# Tidy data

The concept of *tidy data* was introduced by Hadley Wickham (Chief scientist in **R** project) and was inspired by databases. It turns out that scientists, analysis and statisticians can benifit from the same concepts. In particular, structuring your data in a tidy way will facilitate any type of analysis you want to do.

The core ideas are taken from Hadley Wickham's seminal paper "Tidy data" [1].

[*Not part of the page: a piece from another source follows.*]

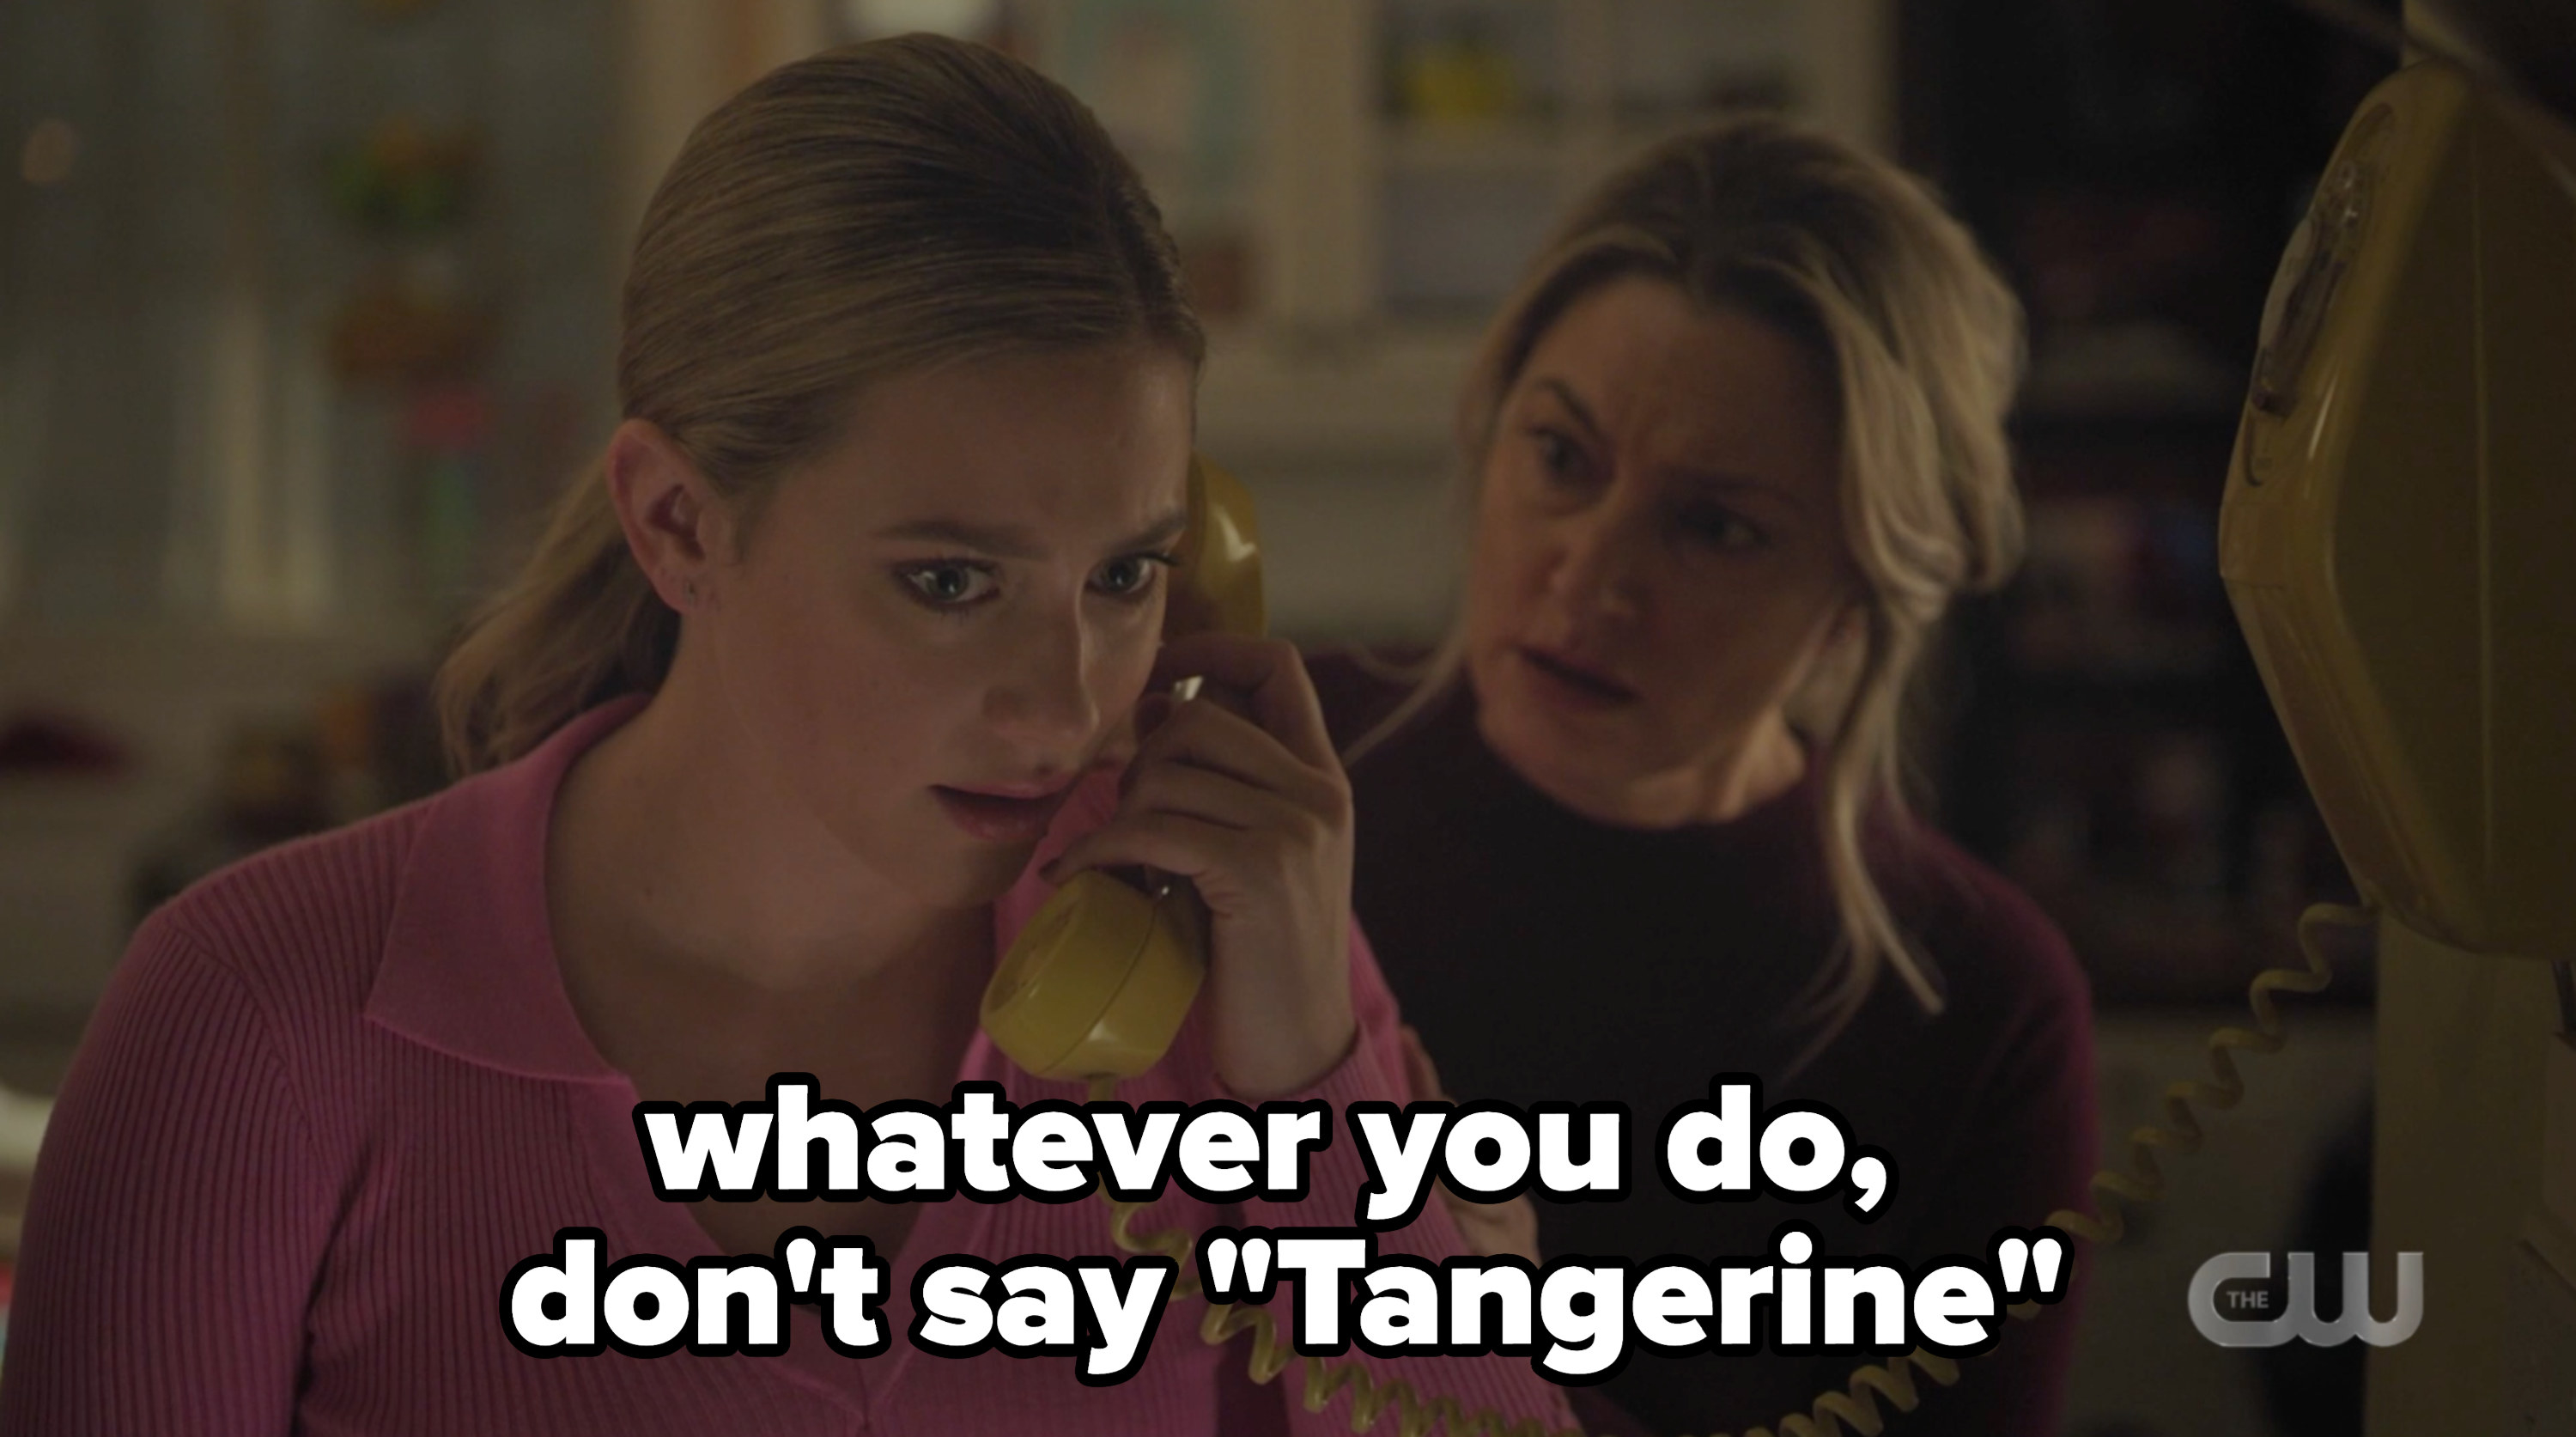 Betty on the phone with the caption &quot;whatever you do, don&#x27;t say tangerine&quot;

[1] Wickham, H. (2014). Tidy data. Journal of Statistical Software, 59(10), 1-23.

In [None]:
import pandas as pd

import numpy as np

import matplotlib.pyplot as plt
import matplotlib as mpl

# %matplotlib notebook
%matplotlib inline

# increase default resolution of figures
mpl.rcParams['figure.dpi'] = 110

In [None]:
pd.__version__

# Tidying: structuring datasets to facilitate analysis

The principles of tidy data provide a standard way to organize data values within a dataset. 

Let's start with an example.

Consider the following 2 ways of presenting the same toy data. Think about whether there is any difference how we organize it.

In [None]:
untidy = pd.DataFrame({'treatment_a':[9, 16, 3],'treatment_b':[2,11,1]}, 
                      index=['John Smith', 'Jane Doe','Mary Johnson'])
untidy

In [None]:
untidy.T

In [None]:
untidy.index.name = 'person'
untidy.columns.name = 'treatment'
tidy = pd.melt(untidy.reset_index(),id_vars=['person'],value_name='IgG_level')
tidy['treatment'].replace({'treatment_a':'a','treatment_b':'b'}, inplace=True)
tidy

# Definition
Tidy data is a standard way of mapping the meaning of a dataset to its structure. A dataset is
messy or tidy depending on how rows, columns and tables are matched up with observations,
variables and types. Core principles of tidy data are simple:
1. Each **variable** forms a **column**
2. Each **observation** forms a **row**
3. Each **type of observational unit** forms a **table**

# Why use tidy data structures?

Current tools often require translation: you have to spend time munging the output from one tool so you can input it into another. Tidy datasets and tools for them work hand in hand to make data analysis easier, saving you time in the long run.

Tidying data is a topic for another time, and today we will talk about 2 tidy tools: 

- Split-Apply-Combine

- Tidy plotting (Seaborn)

# Split-Apply-Combine

It turns out that very frequently we need to do some operation based on a **groupping variable**. A common example is calculating the mean of each group (e.g. performance of each subject, or performance on each type of stimuli, etc). This can be thought of as making 3 separate actions:
- Splitting the data based on a groupping variable(s)
- Applying a function to each group separately
- Combining the resulting values back together

Based on these 3 actions, this approach is called *Split-Apply-Combine* (SAC) [1].

[1] Wickham, Hadley. "The split-apply-combine strategy for data analysis." Journal of Statistical Software 40.1 (2011): 1-29.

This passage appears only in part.